Seiches are another flood mechanism most people don’t think about. A seiche is a standing wave that forms in an enclosed or partially enclosed body of water, like a lake, reservoir, or even a swimming pool, when earthquake waves rock the basin back and forth. The water sloshes from one end to the other, sometimes for hours. In a reservoir behind a dam, seiches can send water over the top of the dam even if the dam itself is undamaged. In lakes, seiches can flood shoreline communities without warning.
Earthquakes can also cause flooding indirectly by triggering landslides that block rivers. The temporary lake behind the debris dam fills rapidly, and when the natural dam eventually fails, a catastrophic flood rushes downstream.
Volcanic Eruptions
Large earthquakes can sometimes push a volcano into eruption, but only if that volcano is already primed. According to the USGS, two conditions must be met: the volcano must contain enough molten rock that is ready to erupt, and pressure within the magma storage area must already be significant. If both conditions exist, a nearby earthquake above magnitude 6 can act as the final trigger.

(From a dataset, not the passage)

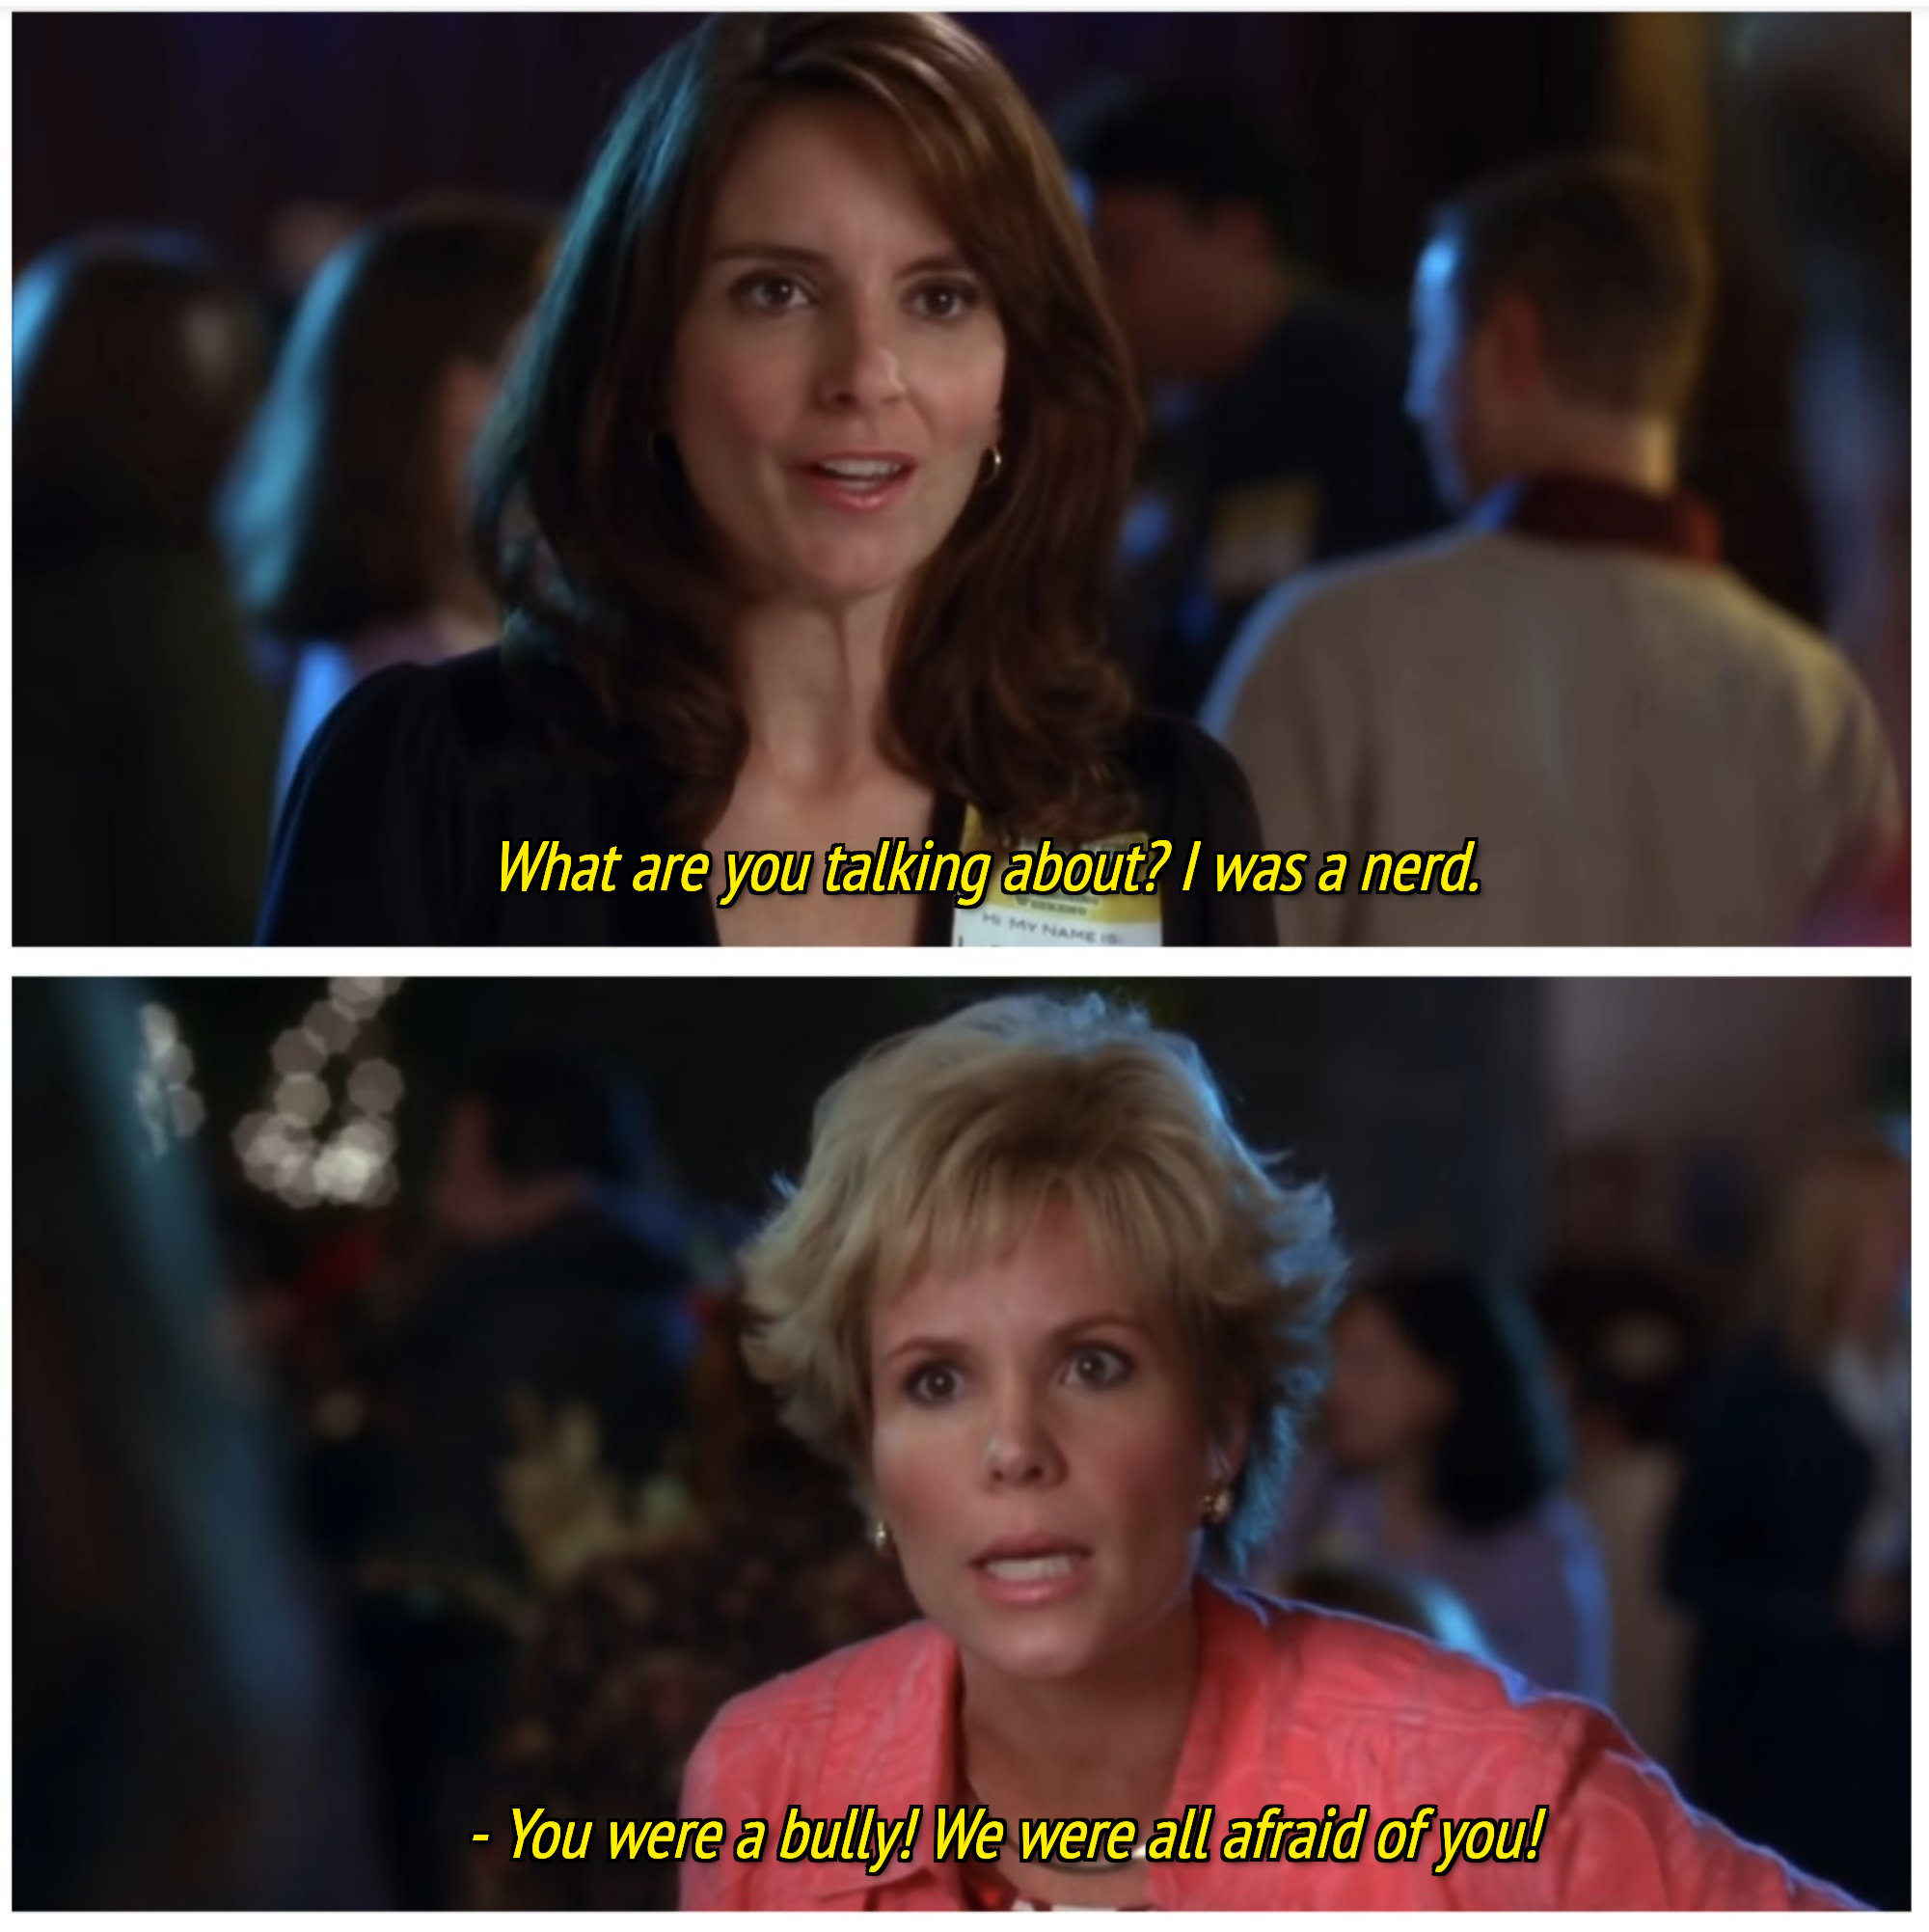 tina fey as liz lemon confronts one of her victims at a class reunion in &quot;30 rock&quot;

The mechanism works something like shaking a sealed bottle of carbonated water. Dissolved gases in the magma come out of solution when the earthquake’s vibrations pass through, rapidly increasing pressure inside the volcanic system. That pressure boost can be enough to overcome the last bit of resistance holding the magma underground. A magnitude 7.7 earthquake in 1975 caused significant damage in Hawai’i Volcanoes National Park and was linked to volcanic unrest in the area.
It’s worth noting that the reverse relationship, volcanic activity causing earthquakes, is far more common. Most earthquakes near volcanoes are caused by magma movement rather than the other way around.
Triggered Earthquakes
One earthquake can trigger additional earthquakes, sometimes hundreds of miles from the original event. The 2011 Tohoku earthquake set off a cascade of smaller quakes detected across Japan’s dense seismic monitoring network. These triggered earthquakes occur because seismic waves from the mainshock alter stress conditions on distant faults that were already close to their breaking point.
These secondary quakes are typically smaller than the original, but they can still cause damage in areas that weren’t directly affected by the mainshock. They can also reactivate landslide-prone slopes or further weaken structures already stressed by the first event, compounding the overall disaster.
Why Secondary Disasters Are So Deadly
Only about 1% of damaging earthquakes account for roughly 93% of all earthquake fatalities worldwide. Within those deadliest events, secondary effects play a disproportionate role. The 40% figure for secondary-effect casualties and economic losses is an average. In individual disasters, the ratio can be far worse. The 2011 Tohoku earthquake killed the vast majority of its nearly 20,000 victims through the tsunami, not the shaking.
The compounding nature of these events is what makes them so dangerous. A single earthquake can trigger a landslide that blocks a river, creating a flood, while simultaneously rupturing gas lines that start fires in a city where the water mains are broken. Each secondary disaster unfolds on its own timeline, stretching emergency response thin and catching survivors off guard hours or even days after the initial shaking stops.